- **TASK REQUIREMENTS**
From the first line to the last, copy the data exactly and drop the pictures.

- **COLLECTED MATERIAL**

BEGIN

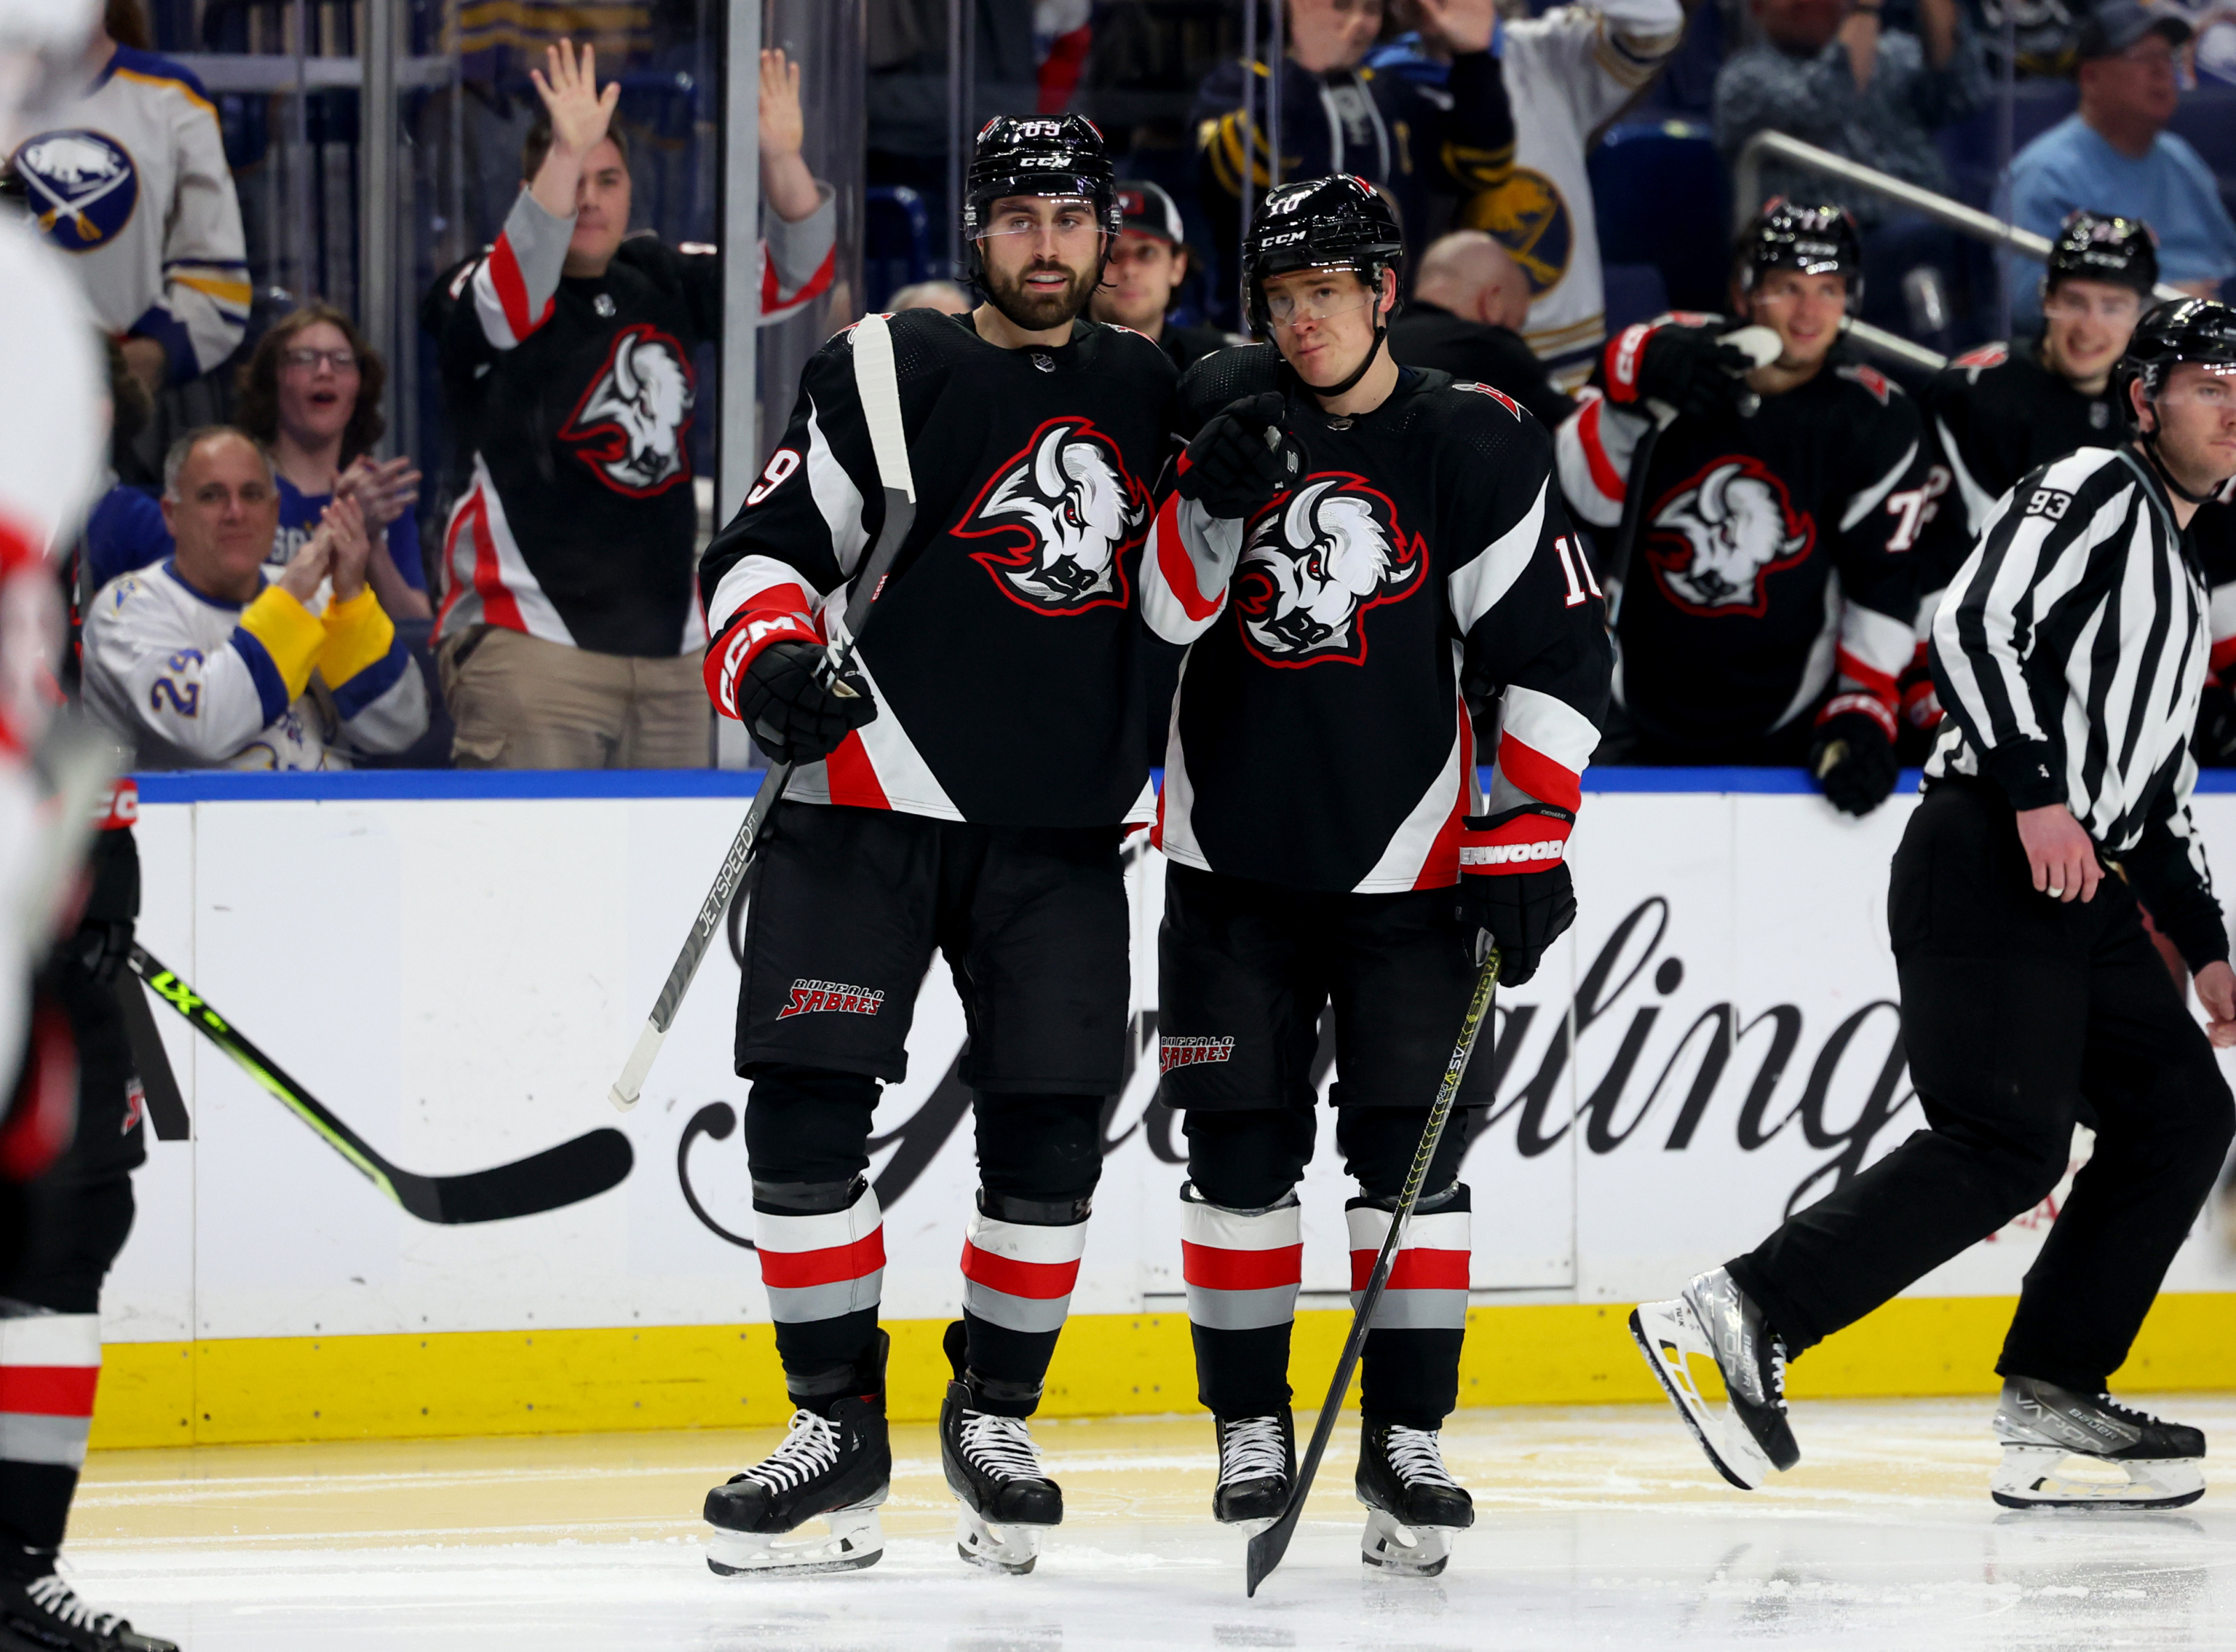 NHL: Buffalo Sabres seek playoff return as NHL season begins
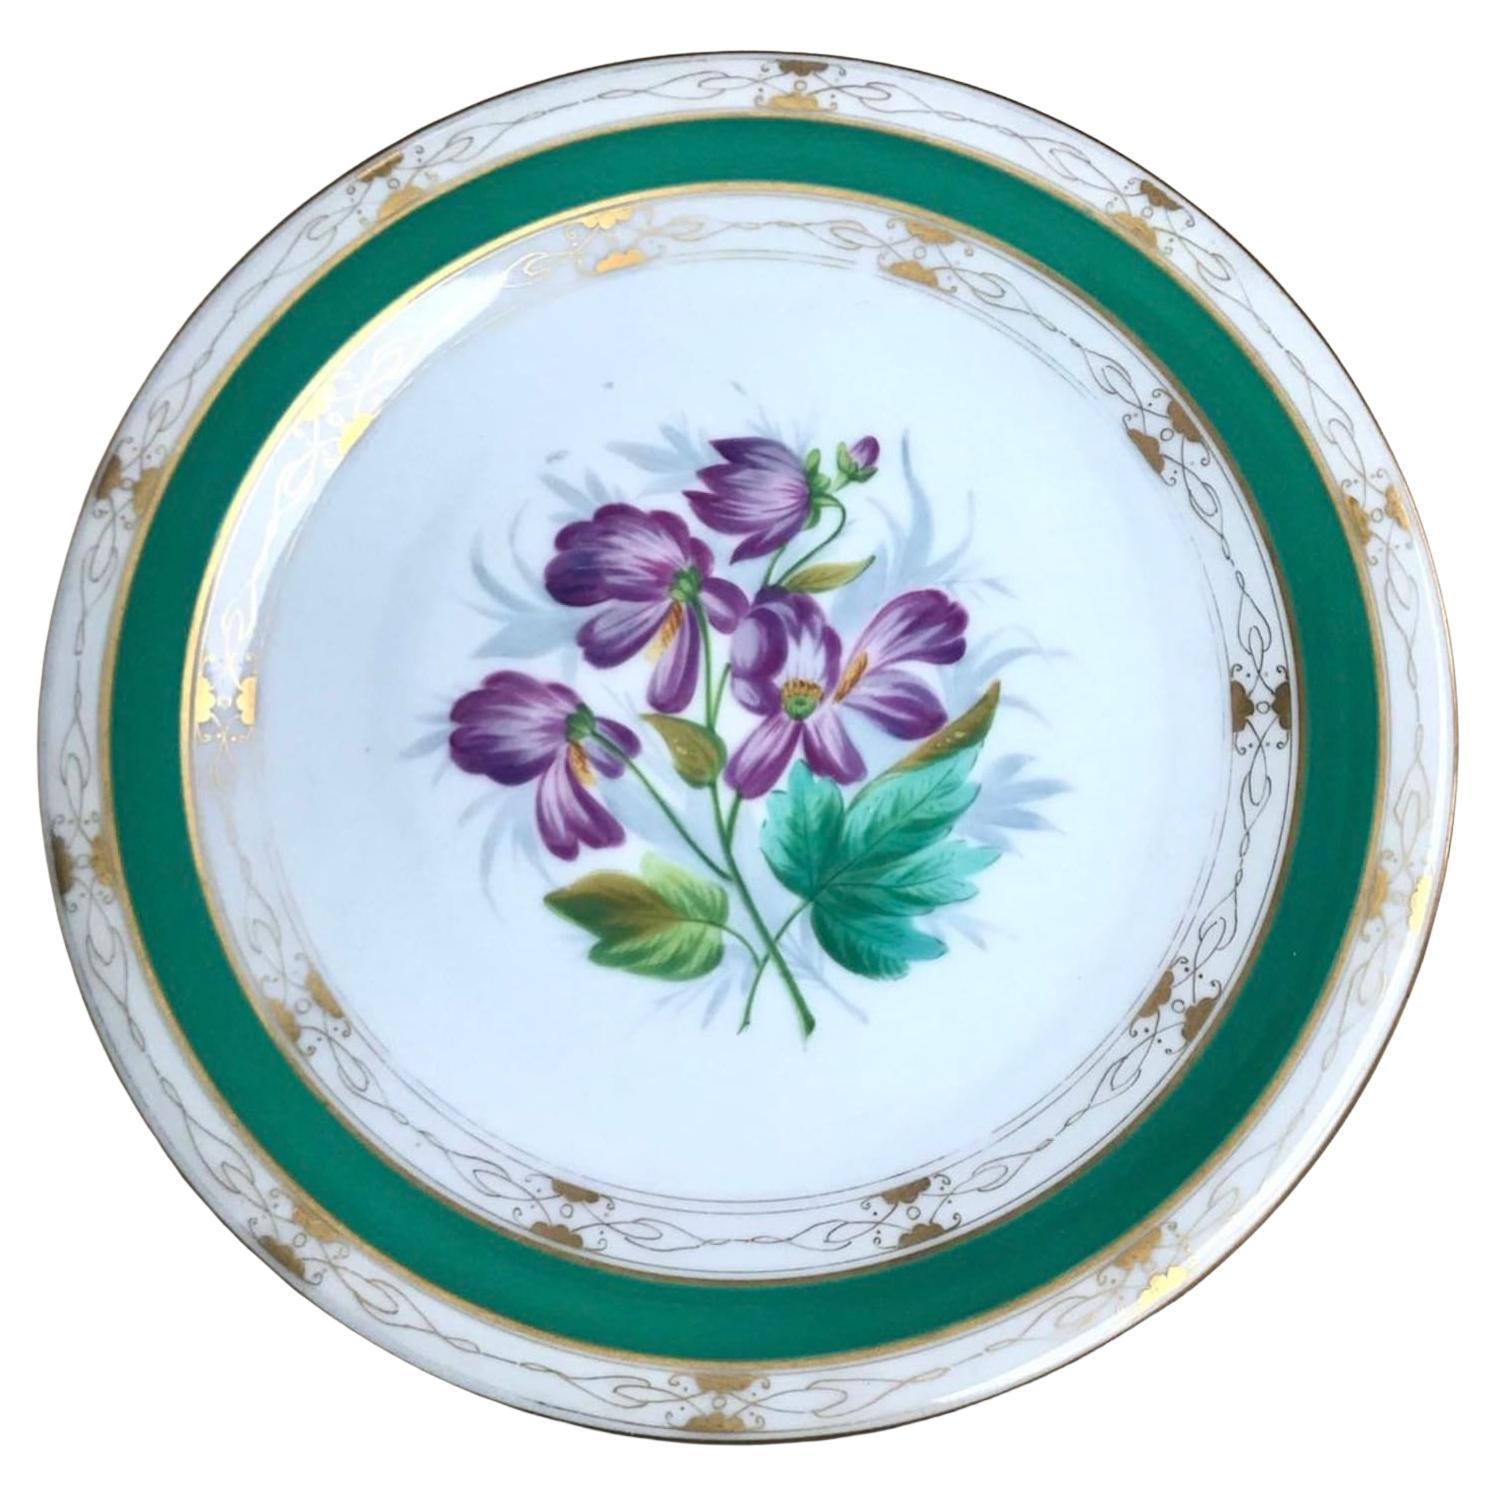 Antique Collectible Plates 19 Century Porcelain Plates For Sale
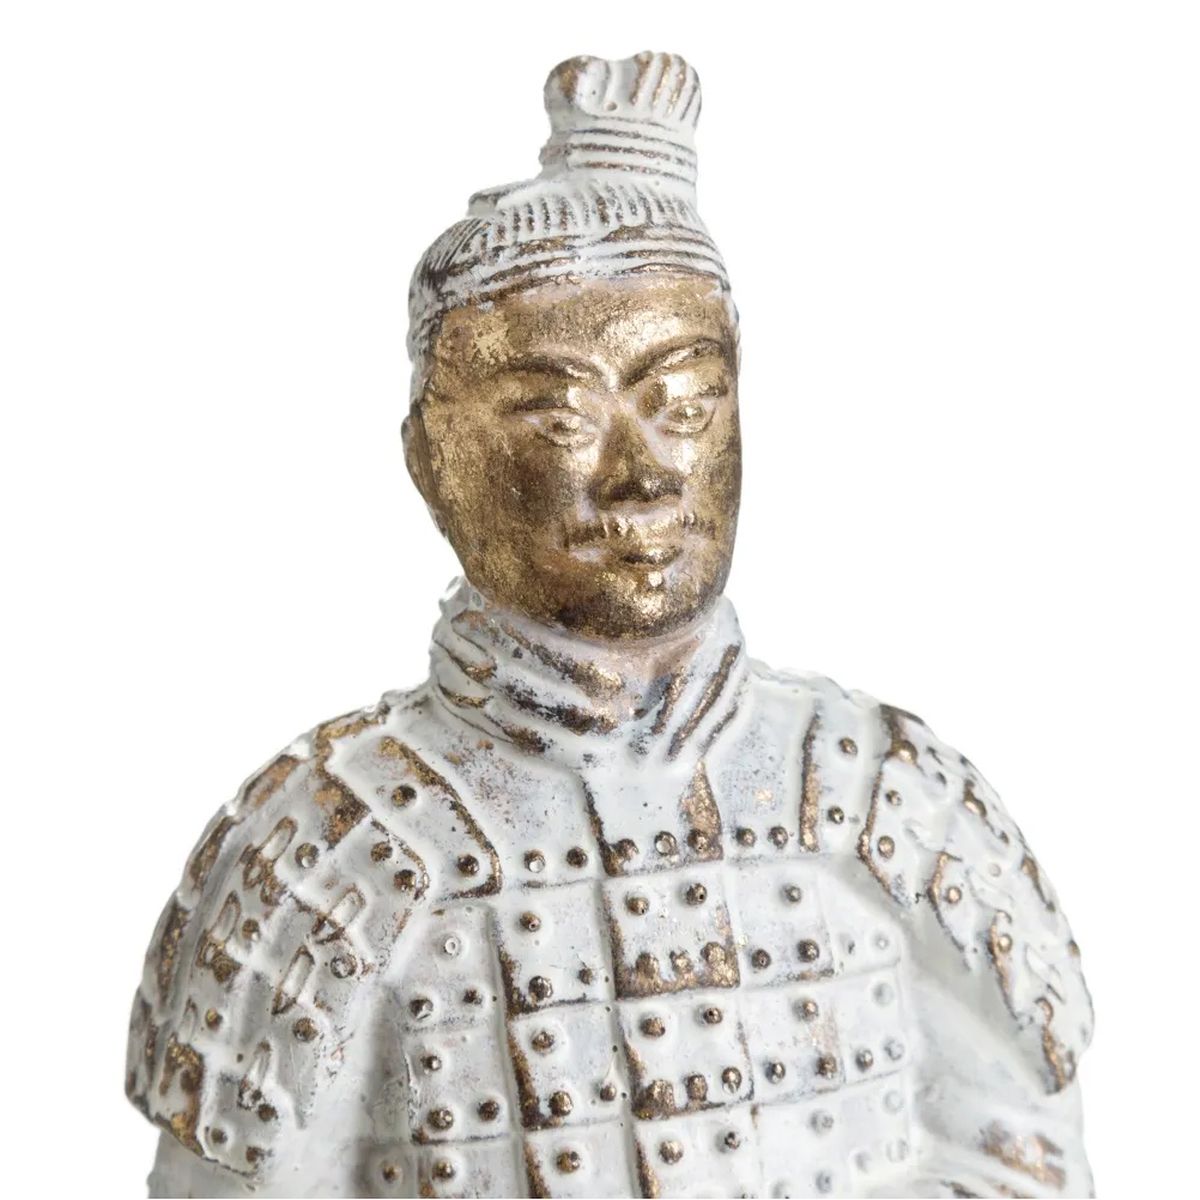 Statuette Soldat de l'Empereur Qin 17 cm
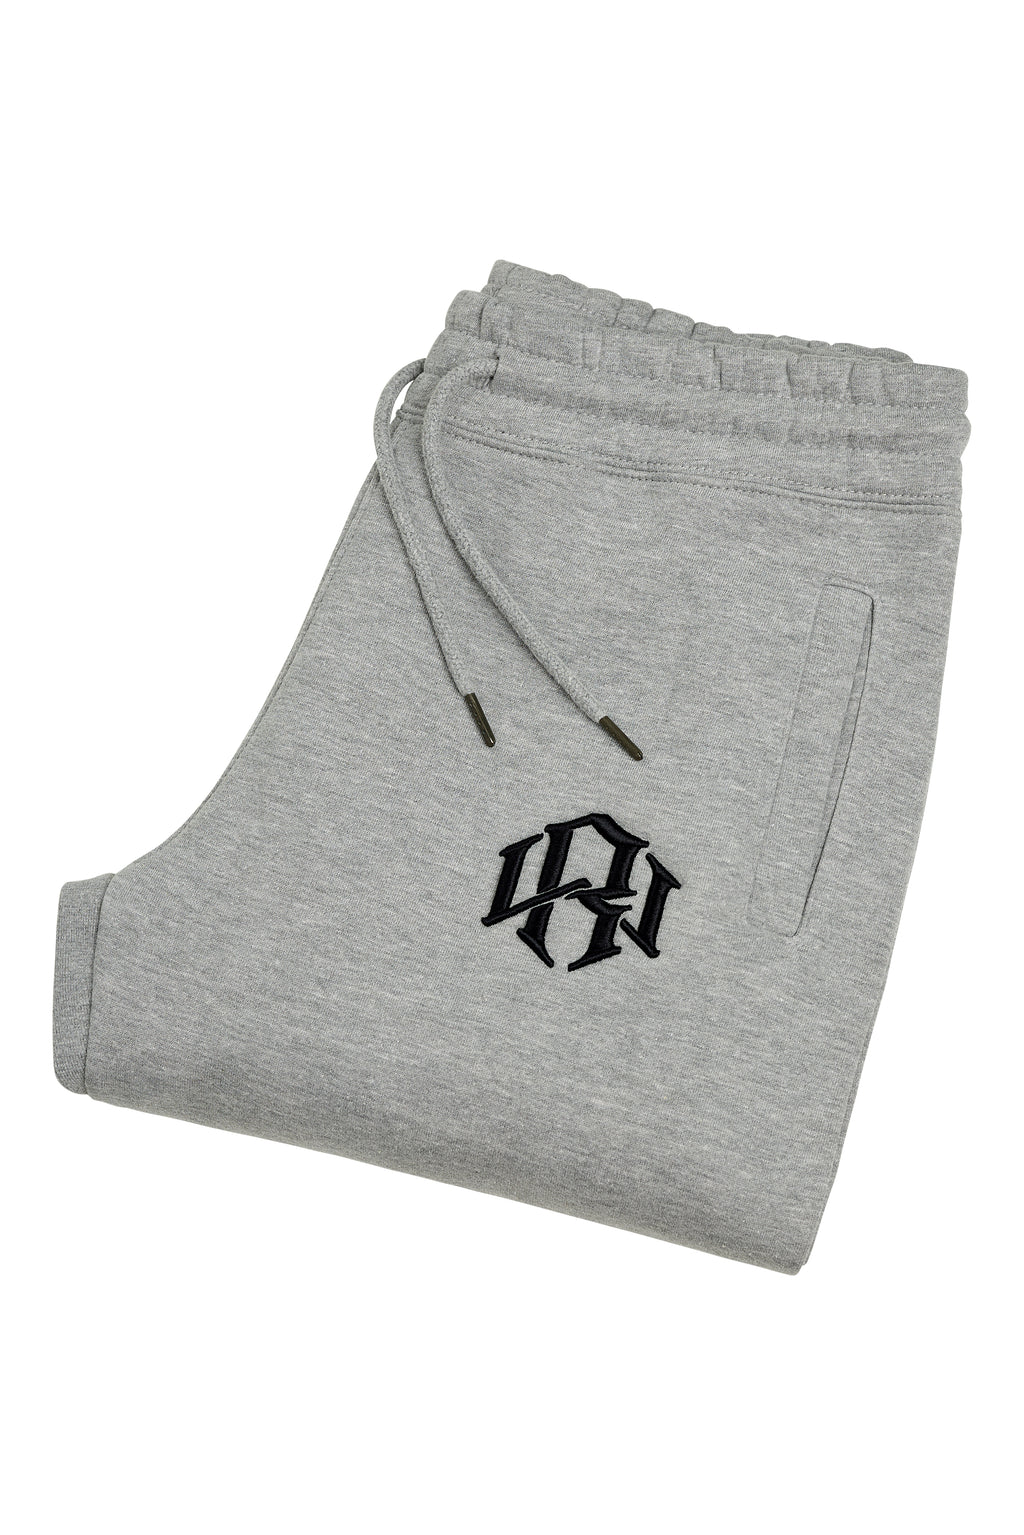 Renowned Wear in Heavyweight Logo Grey Heather Sweatpants 3D R.W

END

- **EXERCISE OUTPUT**
 NHL: Buffalo Sabres seek playoff return as NHL season begins
 Antique Collectible Plates 19 Century Porcelain Plates For Sale
 Statuette Soldat de l'Empereur Qin 17 cm
 Renowned Wear in Heavyweight Logo Grey Heather Sweatpants 3D R.W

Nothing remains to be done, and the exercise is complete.